Facts have shown that the “coupling”, integration and cooperation of the China-US economy is a wise move based on the common interests of both sides.
“Decoupling” will harm both the U.S. and other countries in the era of economic globalization.
To forcibly split the world market and cut off the global industrial chain and supply chain, the U.S. will surely have to pay a high price and the world is believed to suffer huge losses.
China is the only country in the world that has possessed all the industrial categories in the United Nations industrial classification. A population of 1.4 billion and more than 400 million middle-income earners have made up a super-large market of China.
For many years, it has been a major stabilizer and driver of world economic growth.
U.S. decoupling from China is foolish and its efforts to cut off the independence on China will eventually cost it the important economic relationship with China and even the world, said an article published on Foreign Affairs.

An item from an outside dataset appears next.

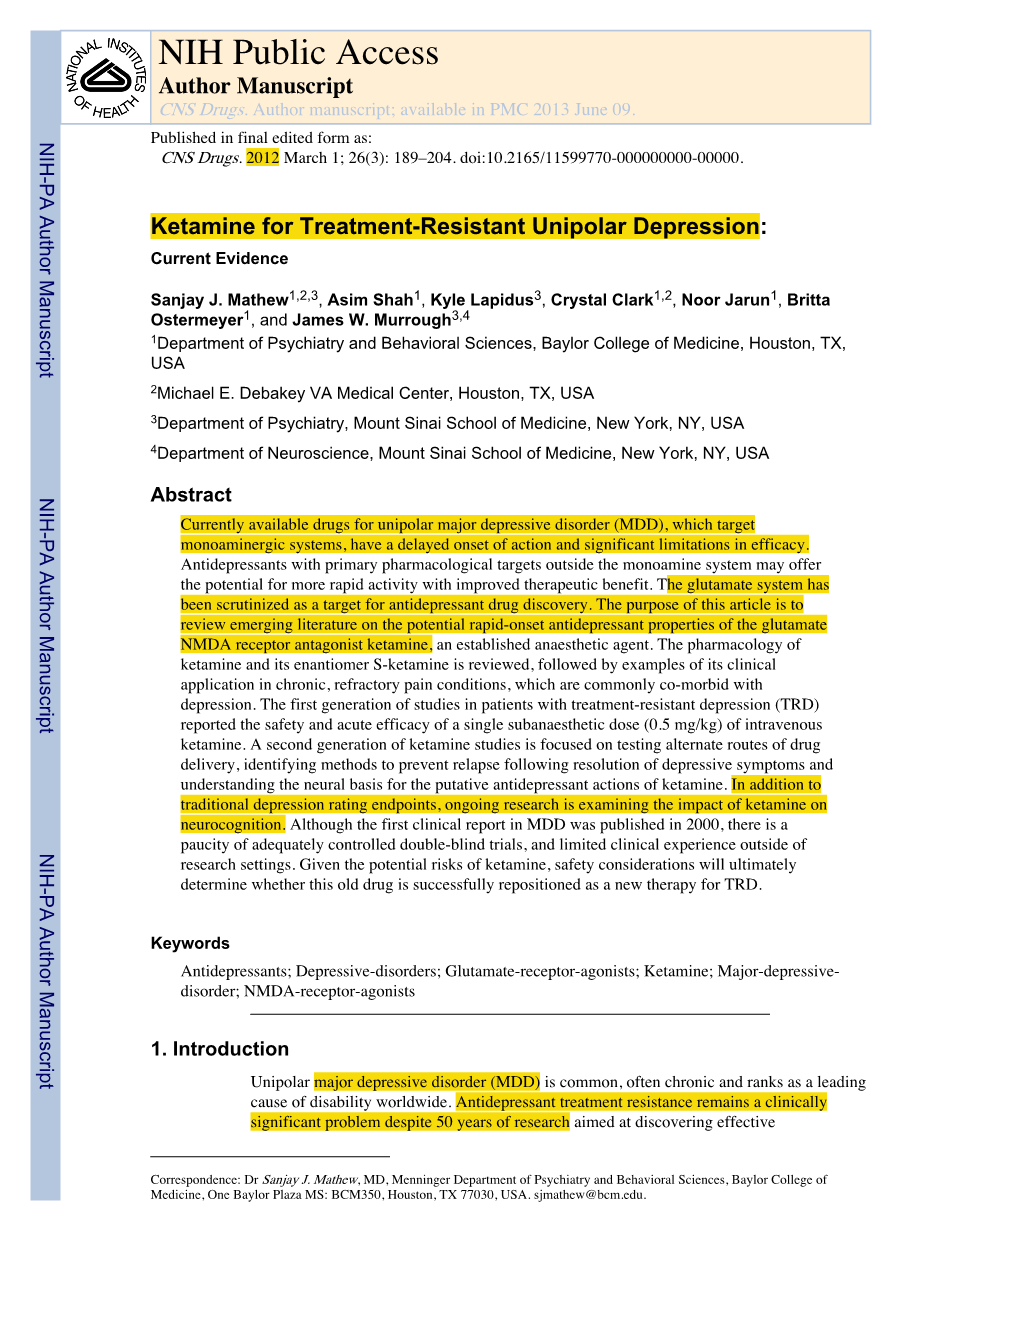 Ketamine for Treatment-Resistant Unipolar Depression: Current Evidence

Excluding China from the U.S. innovation system may prompt China to weed out the U.S. from its innovation system and cause the U.S. to lose its right to use other innovation systems, the article continued.
Over time, countries that try to decouple from the global economy will end up suffering more from the lack of diversified sourcing and unavoidable local shocks, according to the Peterson Institute for International Economics (PIIE), a non-partisan, non-profit think tank focused on international economics.
It has become quite clear that decoupling with China is not an excellent remedy for the U.S. to cure domestic issues, but a poison for world economy.
Whether you like it or not, the global economy is the big ocean that you cannot escape from. Any attempt to channel the waters in the ocean back into isolated lakes and creeks is simply not possible. Indeed, it runs counter to the historical trend.
By advocating decoupling from China, some U.S. politicians hope to distort the truth and buck the historical trend, which is merely nonsense and a wishful thinking.
China will never stop its development and growth and China-U.S. cooperation based on equality and mutual benefit accords with the common interests of people from the two countries and even the entire world.
Anyone that makes a misjudgment on this issue and goes against the trend of the times and history will only shoot themselves in the foot.
(Zhong Sheng is a pen name often used by People’s Daily to express its views on foreign policy.)